The Rolandseck succeeded after the war began in 1939 to return home to Germany from Spain. In use as a troop transport, she sank on March 12, 1945 off the Danish coast in the Kattegat .
History of the ship
The first DDG ship "Hansa" for the Spain-Portugal service of the shipping company after the state reorganization of the shipping areas of the major German shipping companies in 1936 was given the name Rolandseck , which had previously carried the shipping company's smallest seagoing ship from October 1882 to March 1904, the had been used in the North and Baltic Sea.

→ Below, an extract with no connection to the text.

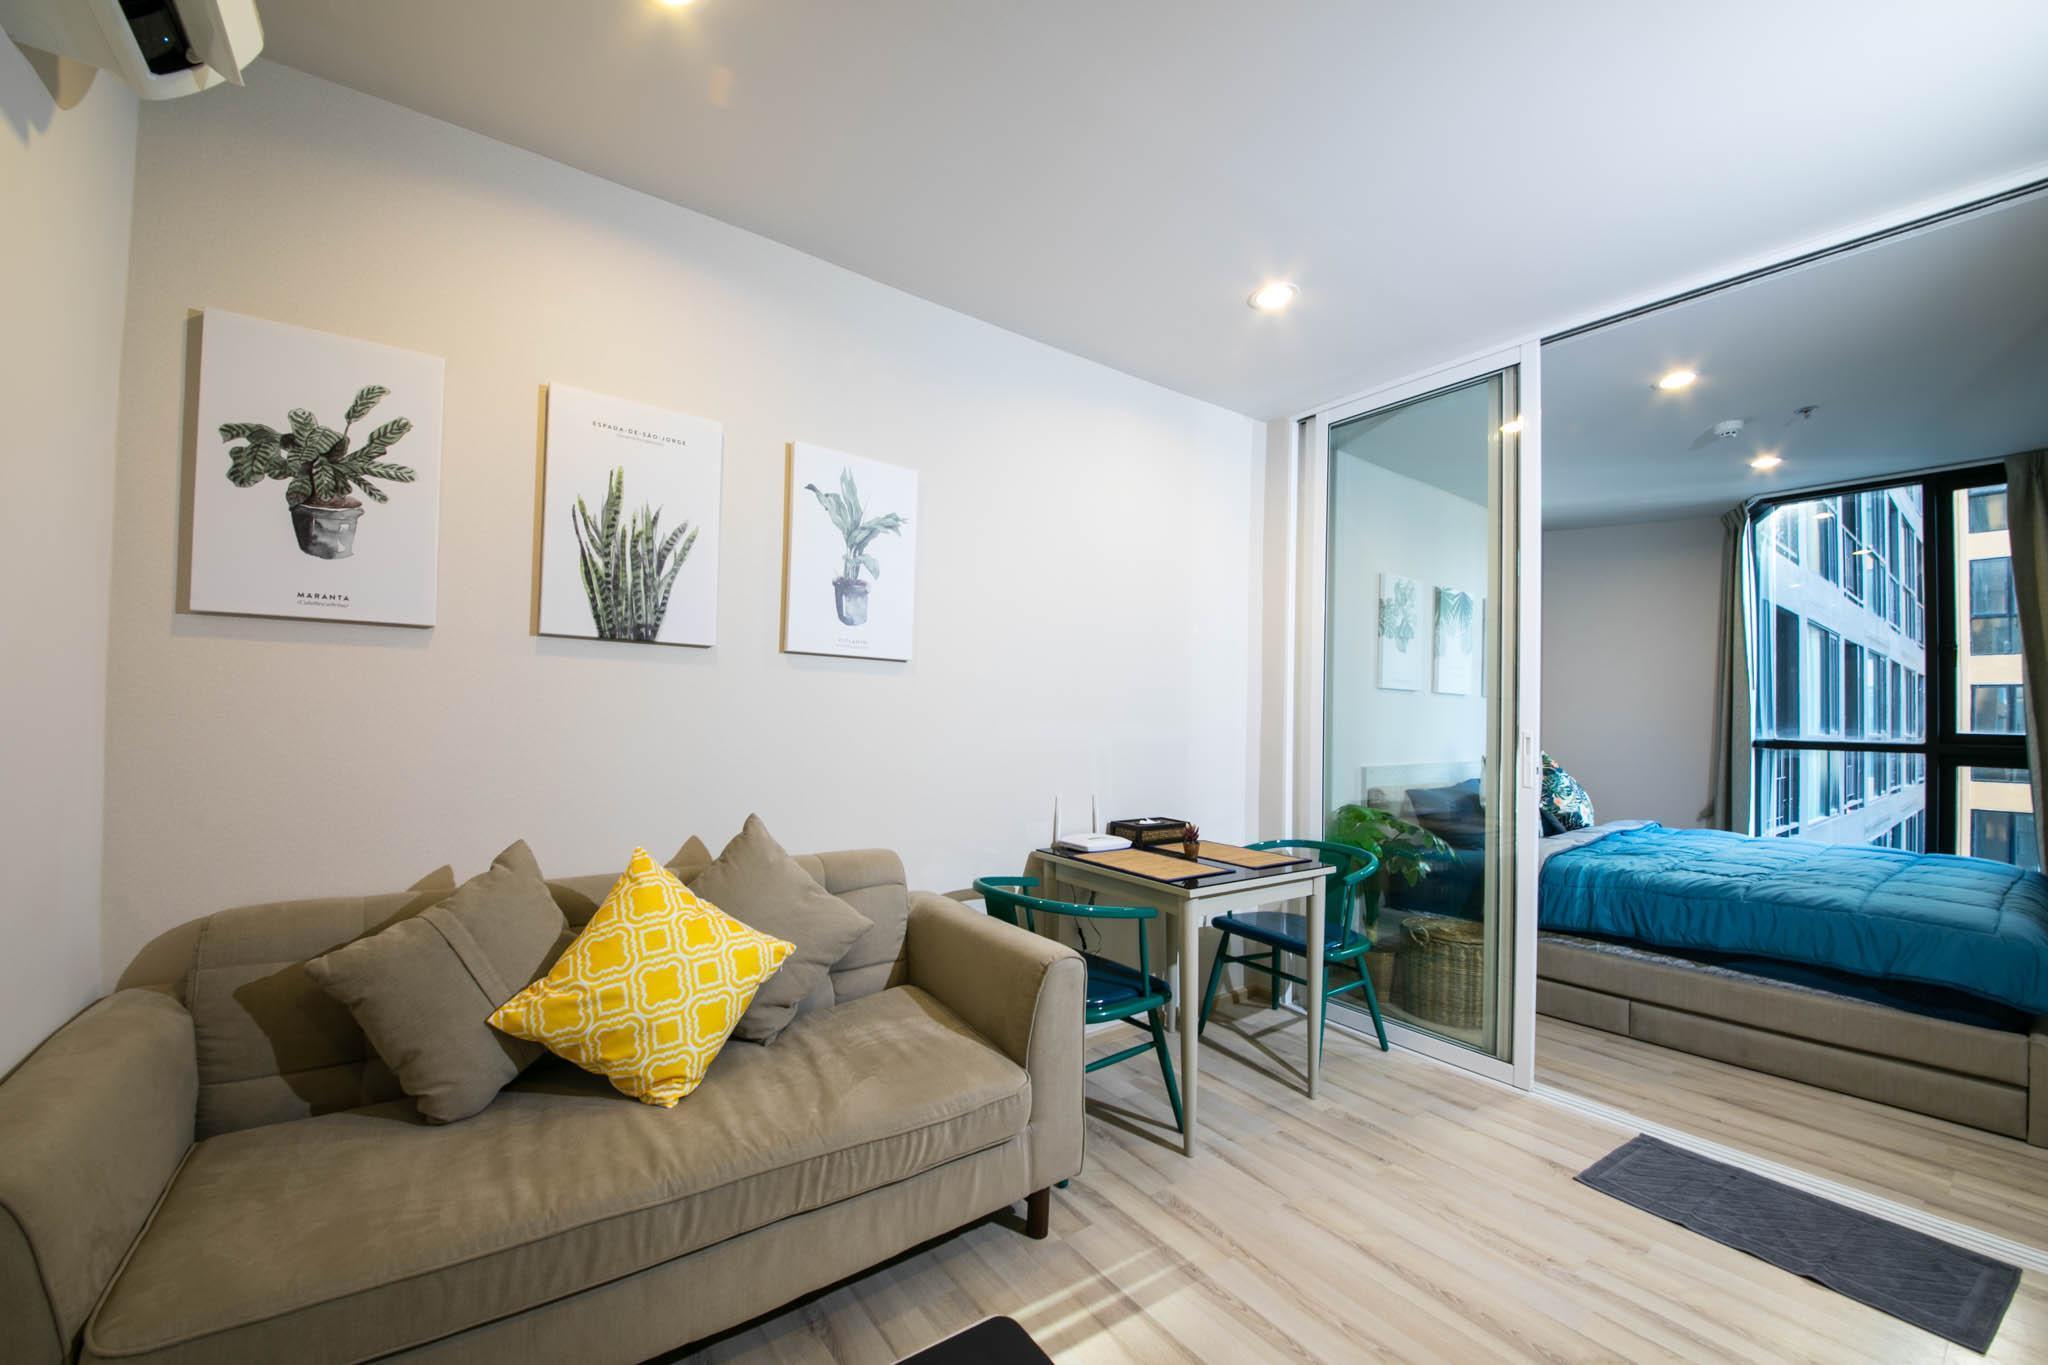 Luxury&RooftopPoolFastWifi FreeWater&Elec NearTown

The second Rolandseck from 1912 was the shipping company's first motor ship and was also used in the Spain-Portugal service until 1914. The third Rolandseck (built in 1905, 1826 BRT / 2600 tdw) was purchased in Great Britain in December 1921. It was built as Florence for the Sloman shipping company in Flensburg . After the Spain-Portugal service, it was handed over to DG Neptun in 1932 , which used it as Saturn .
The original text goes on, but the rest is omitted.